Члены комитета шумно поднимались из-за стола, выходили из комнаты, переговариваясь на ходу.

— Что у нас с продовольствием на линкоре? — спросил Ладейников Белецкого.

— Подгнившая капуста, мороженый картофель, пшенка, но сколько точно — не знаю. Гречка еще есть, но сколько — тоже точно не знаю. Мука еще есть...

— Но сколько, точно не знаете, — за Белецкого закончил Ладейников, и оба грустно улыбнулись.

— Я думаю вот о чем, Яков Иванович — если они не пойдут на нас штурмом, значит, будут морить нас голодом... И сколько мы продержимся в условиях полной блокады?

— Не знаю, голубчик, право слово, не знаю... — ответил Белецкий. — Вы теперь домой или на корабль?

— Если отпустите, схожу домой, товарищ командир, — улыбнулся Ладейников.

— А если тревога ночью? — тоже улыбнулся Белецкий.

— Да успею я на корабль, Яков Иванович — в первый раз, что ли?

— Ну ступайте, Бог с вами... — сказал Белецкий, и Ладейников заторопился по узкой горбатой улочке...

Квартира Ладейникова.

...В гостиной был полумрак — горела всего одна керосиновая лампа. За круглым столом сидели Настя, Александра, Кирилл и Владимир Козловские, Мордвинцев и Орловский. На столе были свалены в кучу самые разные предметы — фантики из-под конфет, носовой платок, карманные круглые часы с цепочкой, офицерский морской кортик, спичечный коробок.

Настя сидела чуть в стороне, и глаза у нее были завязаны.

...Катерина Васильевна лежала в спальне одетая и читала при свете ночника книгу...

...Кирилл протянул руку и взял из кучки предметов часы-луковицу, спросил:

— Что должен сделать владелец этого фанта?

— Владелец этого фанта должен залезть под стол и трижды пролаять! — четко ответила Настя, и все засмеялись, а Кирилл сказал, глядя на брата:

— Прошу тебя, Володя, исполни.

— О-ох, какая все-таки дурацкая игра... — пробормотал Владимир, полез под стол и трижды громко пролаял, и все вновь засмеялись, зааплодировали.

Владимир выбрался из-под стола смущенный, долго отряхивал колени.

— А ты какую собаку изображал, Володя? Пуделя или шпица? — вежливо осведомился Кирилл, и все опять засмеялись.

— Я овчарку изображал, которая вас сейчас всех покусает, — ответил Владимир.

Только Настя сидела, сохраняя серьезную мину на лице.

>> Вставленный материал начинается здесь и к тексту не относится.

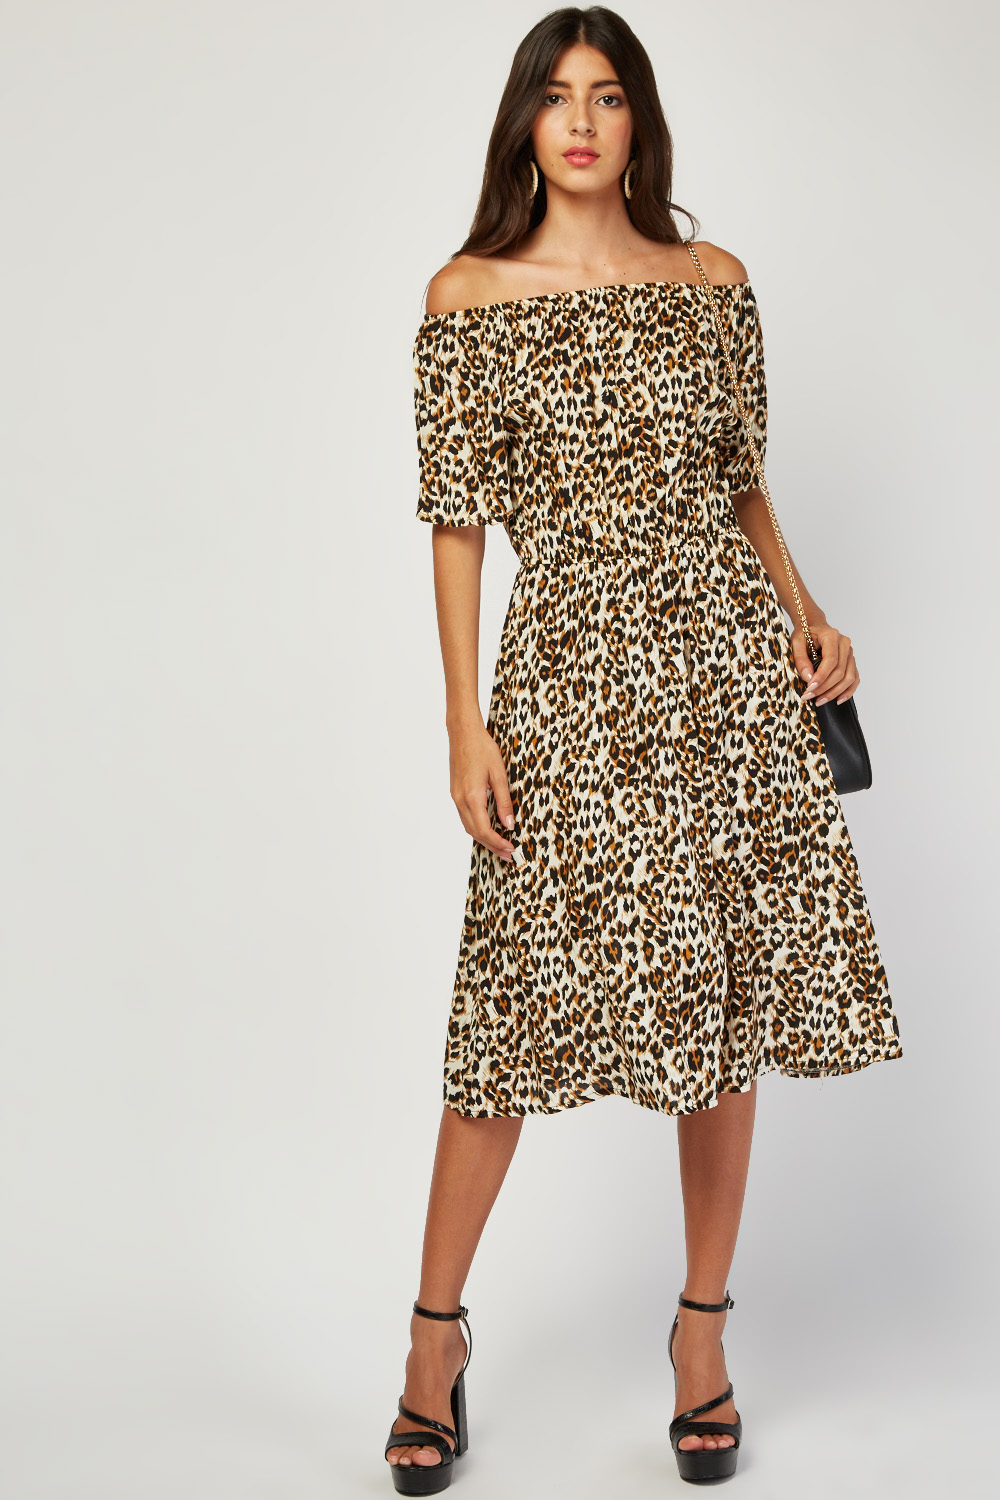 Off Shoulder Midi Leopard Print Dress Just 7
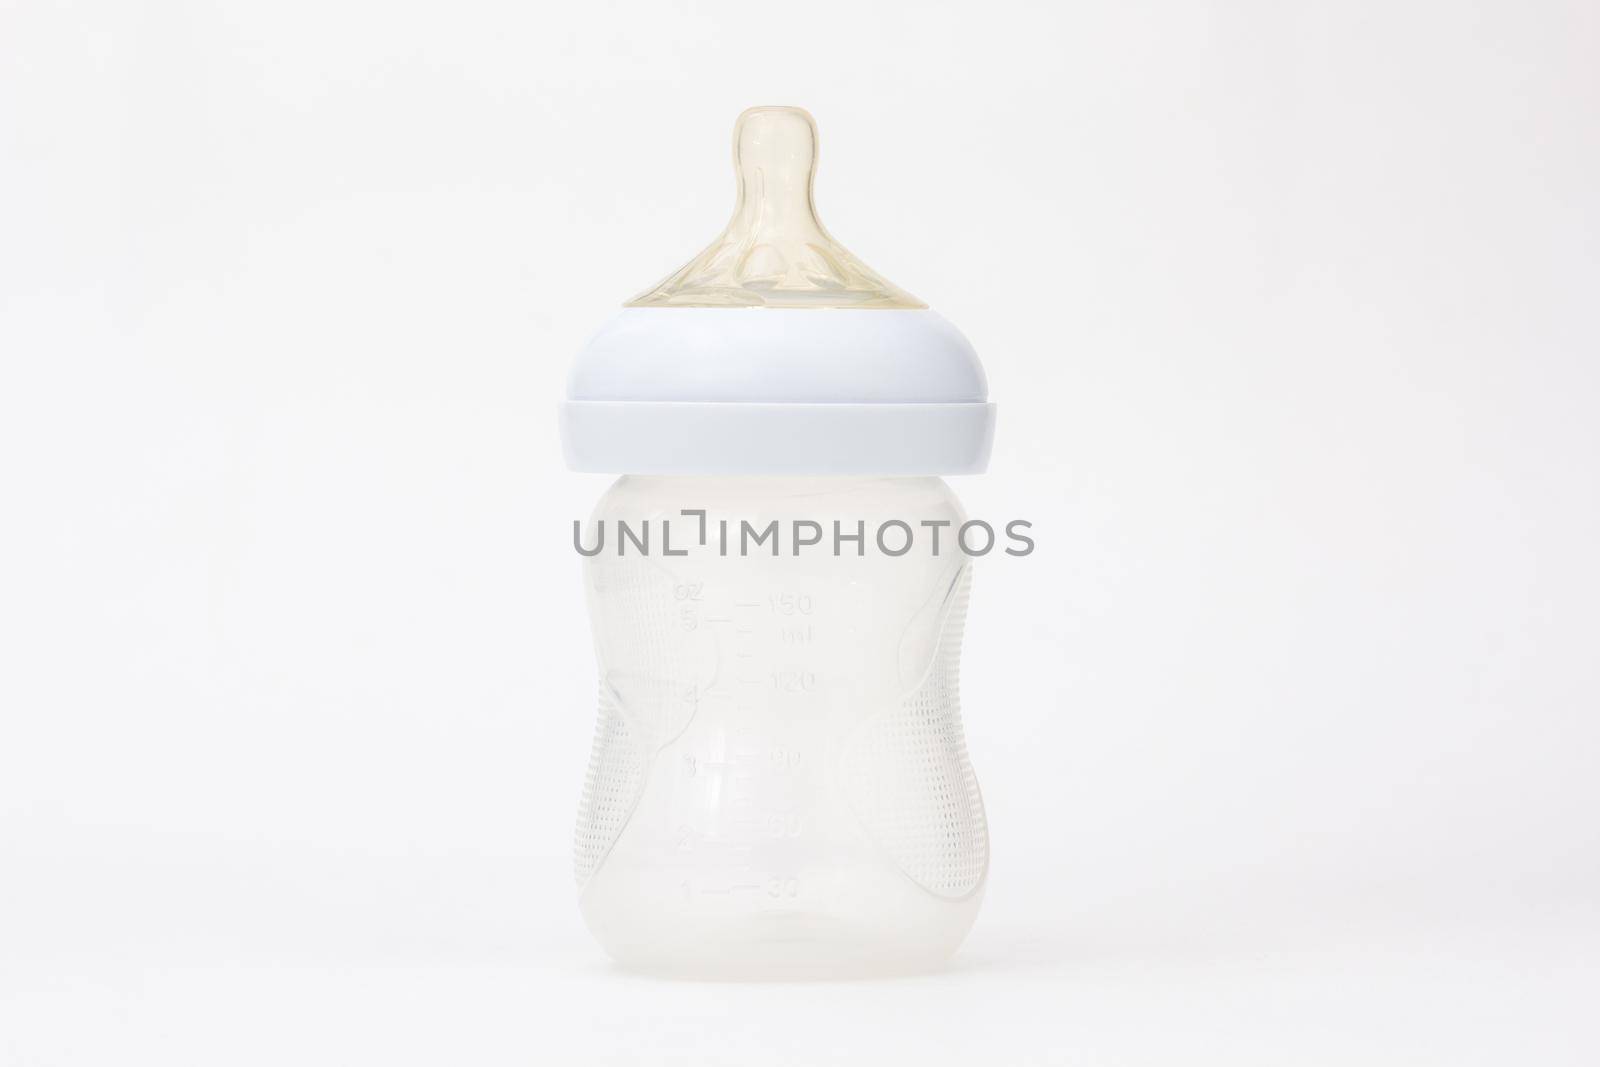 Isolated empty bottle feeding for baby on white background

— А при чем здесь мы? — ехидно спросила Александра. — Это Настена определила тебя в собаки. В другом качестве она тебя не видит.

И все опять засмеялись...

ТИТР: «МОСКВА, ДОМ СОВЕТОВ, X СЪЕЗД ВКП(б). Начало марта 1921 года...»

— ...Что из себя представляют кронштадтские мятежники?! — выкрикивал в притихший зал Ленин. — Одураченные буржуазной контрреволюционной пропагандой матросы! По сути — те же бывшие крестьяне и рабочие, пришедшие служить на флот! Кучка озлобленных белогвардейских офицеров, люто ненавидящих советскую власть! Она им как кость в горле! И смешно говорить о том, что мятежники имеют хоть какую-то поддержку в народных массах! Международный капитал их поддерживает! Антанта им мать родная! На их денежки они покупают оружие и сторонников!

И зал громыхнул аплодисментами...

ТИТР: «КРОНШТАДТ, КВАРТИРА ЛАДЕЙНИКОВА, начало марта 1921 года...»

...Кирилл взял из кучки носовой платок и спросил:

— Сударыня, скажите — что должен сделать владелец этого фанта?

— Владелец этого фанта должен... — Настя задумалась. — Должен... сплясать «Барыню», а мы все хором споем.

— Скудная же у вас фантазия, Настенька, — проговорил Кирилл, поднимаясь из-за стола.

Все повернулись к нему, и Владимир, а за ним остальные начали напевать, ритмично хлопая в ладоши:

— Барыня, барыня,

Сударыня-барыня!

Кирилл начал неумело отбивать чечетку, хлопать себя по бедрам.

— Моя милка — семь пудов,

Распугала верблюдов, — пропел частушку Орловский, и все рассмеялись, дружно подхватили:

— С перепугу верблюды разбежались кто куды!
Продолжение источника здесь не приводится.